(Source data)
────────────────────────────────────────
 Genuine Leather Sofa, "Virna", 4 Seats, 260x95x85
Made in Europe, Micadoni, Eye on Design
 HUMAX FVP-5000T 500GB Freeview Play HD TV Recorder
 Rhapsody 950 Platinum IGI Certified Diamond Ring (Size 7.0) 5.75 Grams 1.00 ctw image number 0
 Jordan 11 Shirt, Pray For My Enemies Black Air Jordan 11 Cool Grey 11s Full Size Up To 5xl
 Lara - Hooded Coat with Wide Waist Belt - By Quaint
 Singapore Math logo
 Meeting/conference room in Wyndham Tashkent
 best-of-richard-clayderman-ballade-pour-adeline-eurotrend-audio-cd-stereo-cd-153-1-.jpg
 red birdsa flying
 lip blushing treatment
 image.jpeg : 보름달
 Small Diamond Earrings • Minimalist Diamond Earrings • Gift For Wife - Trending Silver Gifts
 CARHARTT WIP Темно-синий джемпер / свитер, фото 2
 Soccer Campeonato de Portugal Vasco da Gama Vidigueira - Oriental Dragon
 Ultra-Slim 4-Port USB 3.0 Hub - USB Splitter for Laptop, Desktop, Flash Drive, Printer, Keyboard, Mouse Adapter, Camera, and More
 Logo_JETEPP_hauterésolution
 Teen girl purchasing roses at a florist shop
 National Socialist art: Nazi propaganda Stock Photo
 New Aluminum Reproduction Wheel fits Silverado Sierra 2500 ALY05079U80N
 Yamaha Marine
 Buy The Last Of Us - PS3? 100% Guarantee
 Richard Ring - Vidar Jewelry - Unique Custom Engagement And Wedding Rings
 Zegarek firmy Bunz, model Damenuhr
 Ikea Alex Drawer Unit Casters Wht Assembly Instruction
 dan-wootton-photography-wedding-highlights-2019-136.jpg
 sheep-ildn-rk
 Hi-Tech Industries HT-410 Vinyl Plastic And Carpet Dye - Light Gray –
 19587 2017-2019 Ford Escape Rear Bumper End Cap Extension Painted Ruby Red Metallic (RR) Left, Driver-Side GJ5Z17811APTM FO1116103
────────────────────────────────────────
Work item:
State how many lines of the records above contain the word "Size", giving only that number.

Task response:
2